There wasn’t anything he could’ve wanted more. He nodded, remembering the upward pointing finger.
He dried his hair, changed out of his tired work shoes into equally worn but infinitely more comfortable slippers and joined her on the sofa. He devoured the mince pie on its dainty china plate and read and re-read the note for Santa Claus that came with it. The bold, free, oversized handwriting brought a lump to his throat as he sat there, feeling more drunk and completely sober at once.
He looked at the muted television for a few seconds. It was a black and white Christmas film that he didn’t recognise. A man- one of those broad-shouldered old-time actors who normally played private eyes and tough guys- was working in a department store surrounded by wide eyed children in scarves and bobble hats. A glamorous and serious faced woman in a beret and a fur coat approached him and offered the slick-haired actor a fan of banknotes. He counted it, both him and the glamorous actress mouthing lines of muted dialogue.
After a beat the Day Manager turned from the screen and looked his wife in the eyes.
Another beat. ‘I’m sorry I was so late getting back. I just.’
‘Were really thirsty.’ She waited for his come-back, for his sharp and witty retort. Nothing.
Instead, he rubbed his eyes with the heel of his palm, put his dainty crumb strewn china plate on the coffee table and stood and stretched. ‘Talking of which,’ he held his hand over a yawn, ‘I have another thing on my list to do.’
He padded across the room and into the kitchen and whispered back, ‘Don’t look.’
She put her feet up on the edge of the coffee table and watched the silent monochrome man and the silent monochrome woman on screen.
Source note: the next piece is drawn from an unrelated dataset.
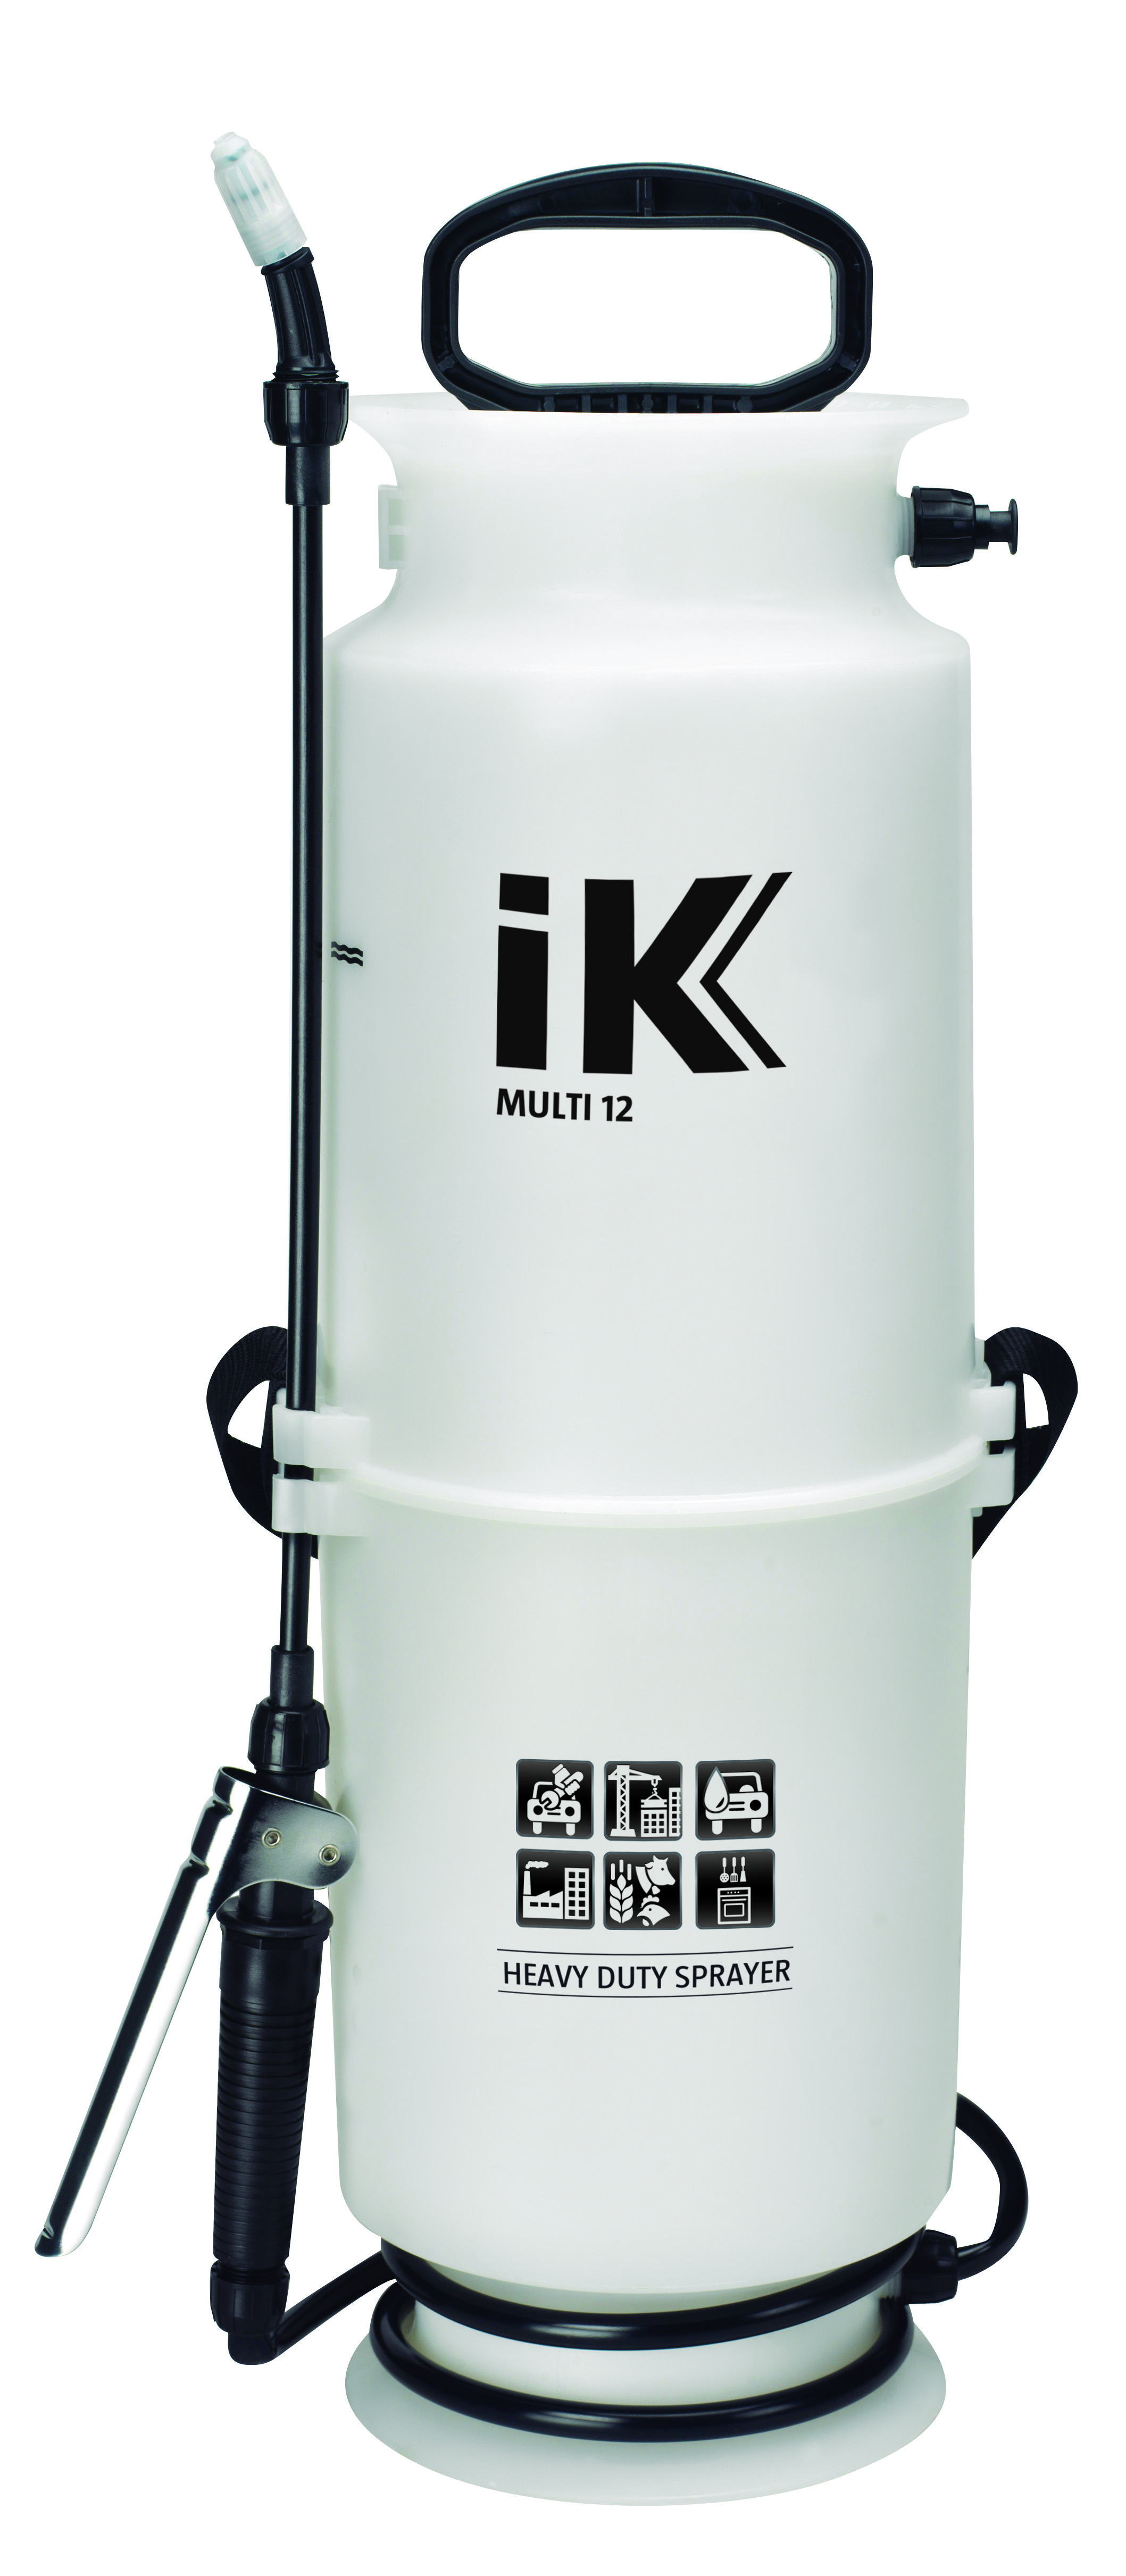 iK12 Goizper sprayer

One scene faded to the next as the television was blocked by her husband still smelling of beer and whiskey and cigar tobacco and church incense, but now much more animated. The hotel’s Christmas season at work, the stress, the hours, all of it had etched dark rings around his eyes and a weariness to his step but that was gone now. He moved like the energetic young man he had been when they first met. He had found a red Santa hat from somewhere which was askew on his head and he had a matching sack slung over his shoulder, filled with various rectangular parcels.
He crouched down by the tree that they had all spent hours decorating the week before on his one day off from the hotel, and started placing presents from the bag around its base. He smiled at her over his shoulder.
‘You want to get involved?’ He asked.